**Task description:**
From the line containing "Women's Fully Cushioned" through the last line below, copy every line exactly, leaving out the pictures.

**Provided material:**
- - -
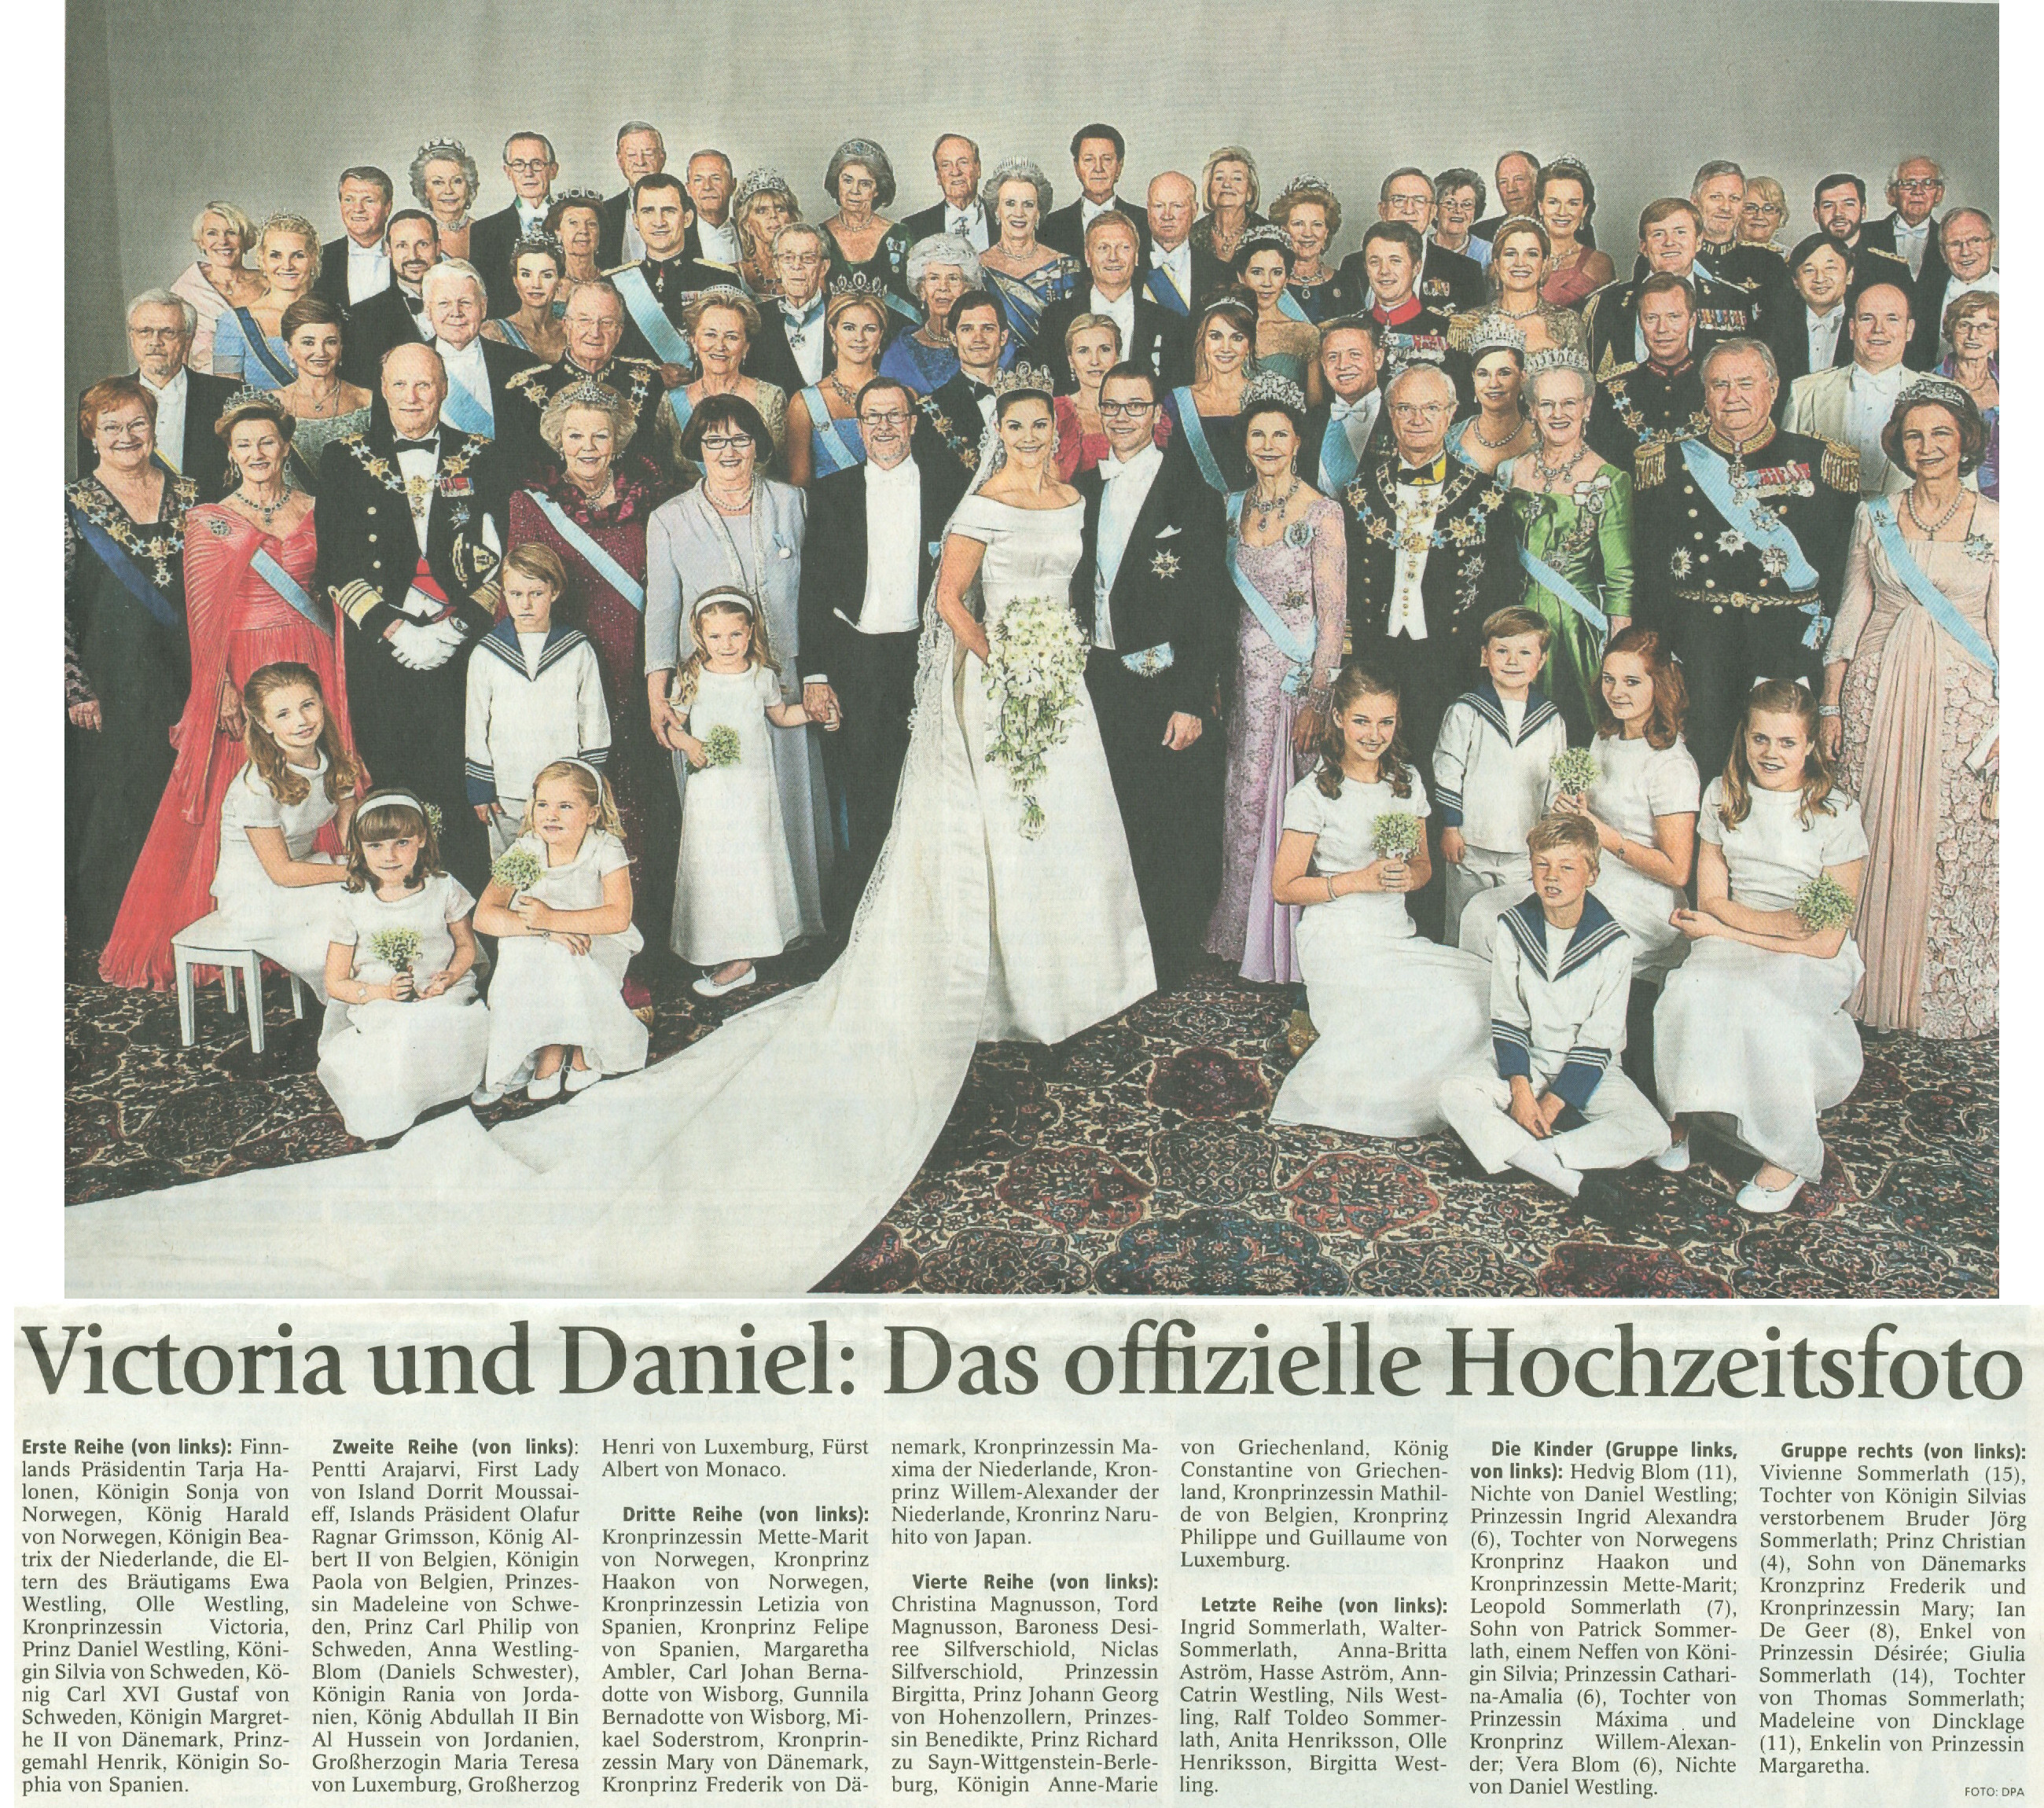 Victoria und Daniel: das offizielle Hochzeitsfoto
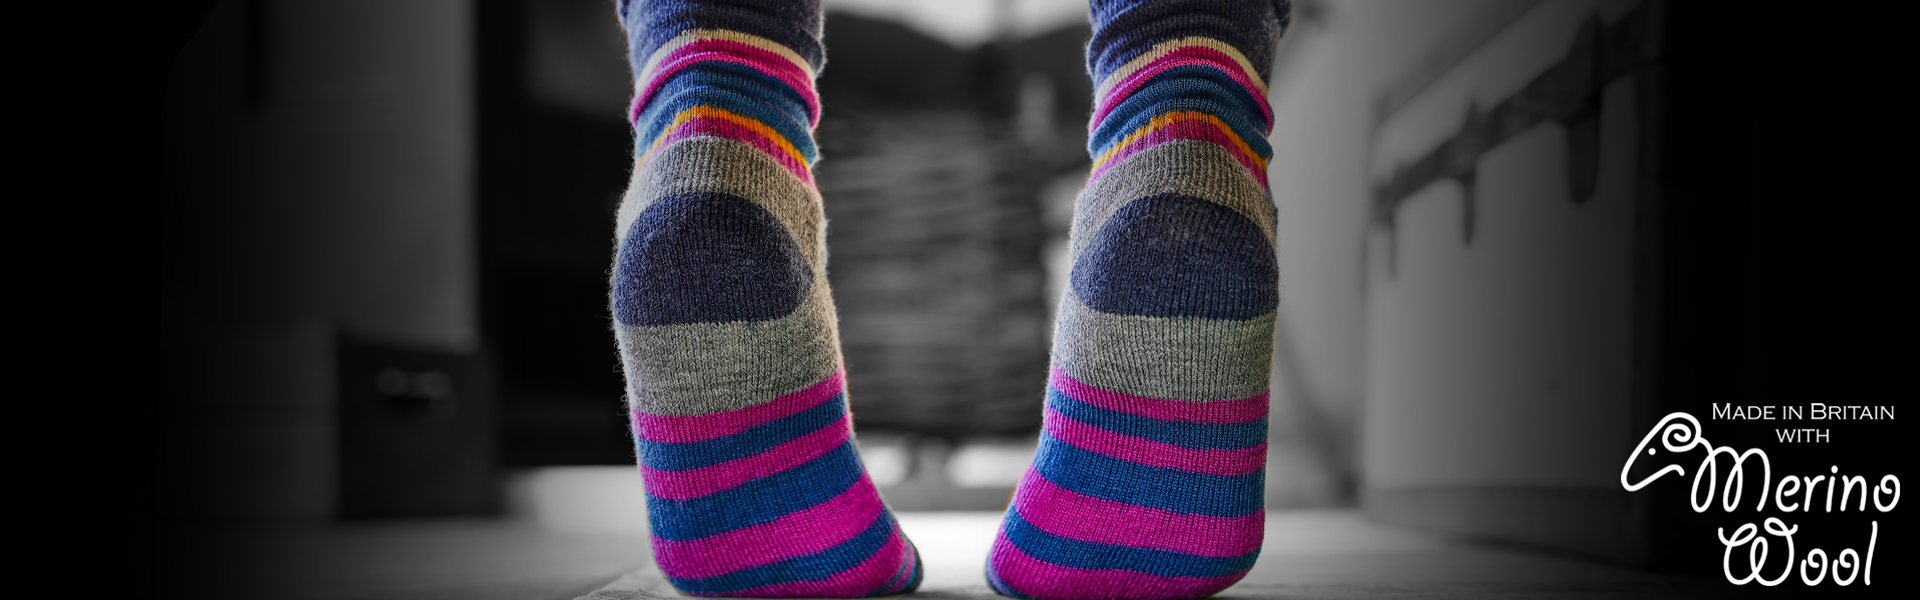 Women's Fully Cushioned Merino Walking Boot Sock - Pittch Merino
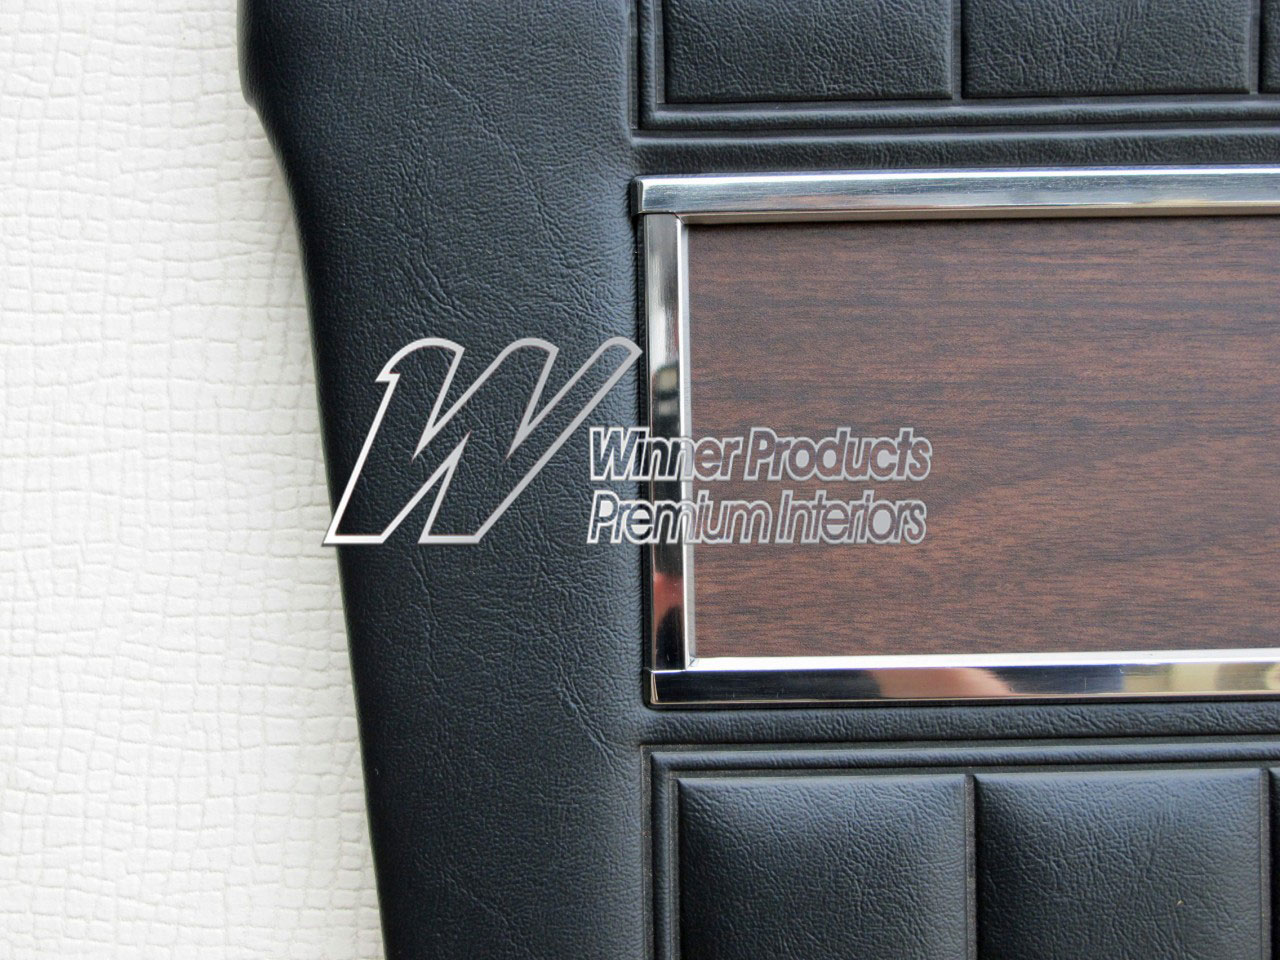 Holden Premier HK Premier Sedan 10S Black & Castillion Weave Door Trims (Image 2 of 2)
- - -
**Written response:**
 Women's Fully Cushioned Merino Walking Boot Sock - Pittch Merino
 Holden Premier HK Premier Sedan 10S Black & Castillion Weave Door Trims (Image 2 of 2)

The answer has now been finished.